Phi – 4 – reasoning – The Phi – 4 reasoning model series launched by Microsoft
What is Phi-4-reasoning?
Phi-4-reasoning is a 14-billion-parameter reasoning model developed by Microsoft, specifically designed for complex reasoning tasks. It is trained through Supervised Fine-Tuning (SFT) using high-quality reasoning demonstration data generated by OpenAI’s o3-mini model. The model is capable of generating detailed reasoning chains and efficiently utilizing computational resources during inference.
Phi-4-reasoning achieves outstanding performance across various benchmarks, outperforming larger models such as DeepSeek-R1-Distill-Llama-70B. It excels in mathematical reasoning, scientific problem-solving, programming, and algorithmic tasks.
Phi-4-reasoning-plus is an enhanced version further optimized through reinforcement learning, offering even stronger reasoning abilities.
Phi-4-mini-reasoning is a compact 3.8-billion-parameter version designed for resource-constrained environments like mobile devices and edge computing. It is fine-tuned using synthetic data generated by the DeepSeek-R1 model.
Key Features of Phi-4-reasoning
-
Powerful Complex Reasoning: Capable of handling tasks that require multi-step decomposition and internal reflection. It excels in mathematical reasoning, scientific problem-solving, programming, and algorithmic tasks.
-
Detailed Reasoning Chains: Trained via SFT, the model generates step-by-step reasoning chains that enhance accuracy and efficiency during inference.
-
Efficient Use of Computational Resources: Through inference-time scaling, the model dynamically allocates more resources during reasoning, further improving performance.
-
Educational and Tutoring Applications: Capable of solving diverse math problems from middle school to PhD-level, making it suitable for embedded tutoring in education and low-latency applications.
-
Lightweight Deployment: The Phi-4-mini-reasoning model is designed for deployment in environments with limited resources, such as mobile and edge devices.
-
Cross-Domain Adaptability: Beyond math and science, Phi-4-reasoning also performs well in general-purpose tasks like long-context QA, instruction following, coding, knowledge, and language understanding.
Technical Principles of Phi-4-reasoning
-
Supervised Fine-Tuning (SFT): Built on the Phi-4 model, the training introduces two placeholder tokens for “think” and “end-think” to support additional reasoning tokens, extending the maximum token length from 16K to 32K. The training data includes synthetic long-chain reasoning traces and high-quality answers across domains like math, coding, and safety.
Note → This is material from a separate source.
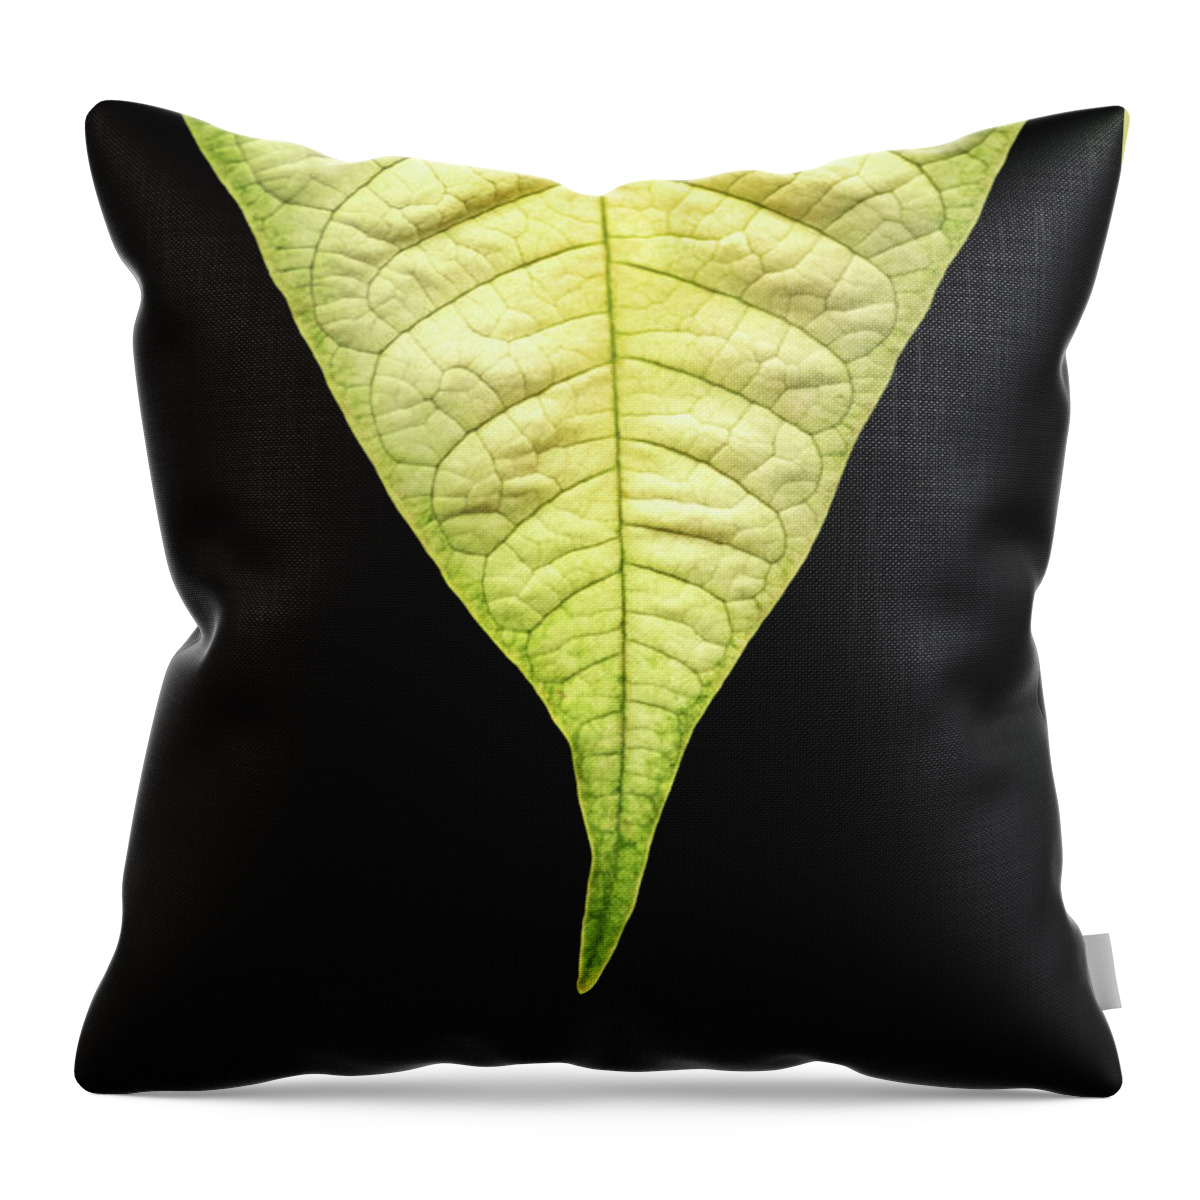 Flower Throw Pillow featuring the photograph White Poinsettia Leaf by Don Johnson

Over roughly 16K training steps, the model learns to use the “think” tokens, enhancing its reasoning ability.
-
Reinforcement Learning (RL): Phi-4-reasoning-plus is an RL-enhanced version that further improves reasoning, particularly in math. It uses a seed dataset of 72,401 math problems. The reward function is designed to encourage correctness, penalize bad behaviors like repetition and excessive length, and reward proper formatting.
-
Data Methodology: The training data emphasizes carefully curated high-quality examples, including creatively designed synthetic data and filtered organic data. The seed dataset is compiled from various web resources, filtered using LLMs, and prioritized for prompts that require complex, multi-step reasoning. Comprehensive decontamination ensures no overlap with common reasoning benchmarks.
Project Links
-
Hugging Face Model Hub: https://huggingface.co/collections/microsoft/phi-4
-
arXiv Paper: https://arxiv.org/pdf/2504.21318
Application Scenarios of Phi-4-reasoning
-
Education and Research: Both Phi-4-reasoning and Phi-4-mini-reasoning are well-suited for educational use, capable of solving a wide range of math and science problems from middle school to PhD level.
-
Complex Business Decision Support: Phi-4-reasoning-plus, enhanced with reinforcement learning, is suitable for critical business decision-making systems that require high accuracy. It can handle multi-step tasks and provide precise solutions.
-
Programming and Algorithmic Problem-Solving: The model performs exceptionally well in programming and algorithm tasks, generating detailed reasoning chains and solutions, making it ideal for coding assistance and algorithm optimization in development environments.
-
Lightweight Deployment and Mobile Devices: Phi-4-mini-reasoning is designed for deployment on devices with limited computational resources, such as mobile phones and edge computing platforms.
-
Core Engine for Agentic Applications: The Phi-4-reasoning model family can serve as the core engine for agentic applications, capable of handling complex and multifaceted tasks.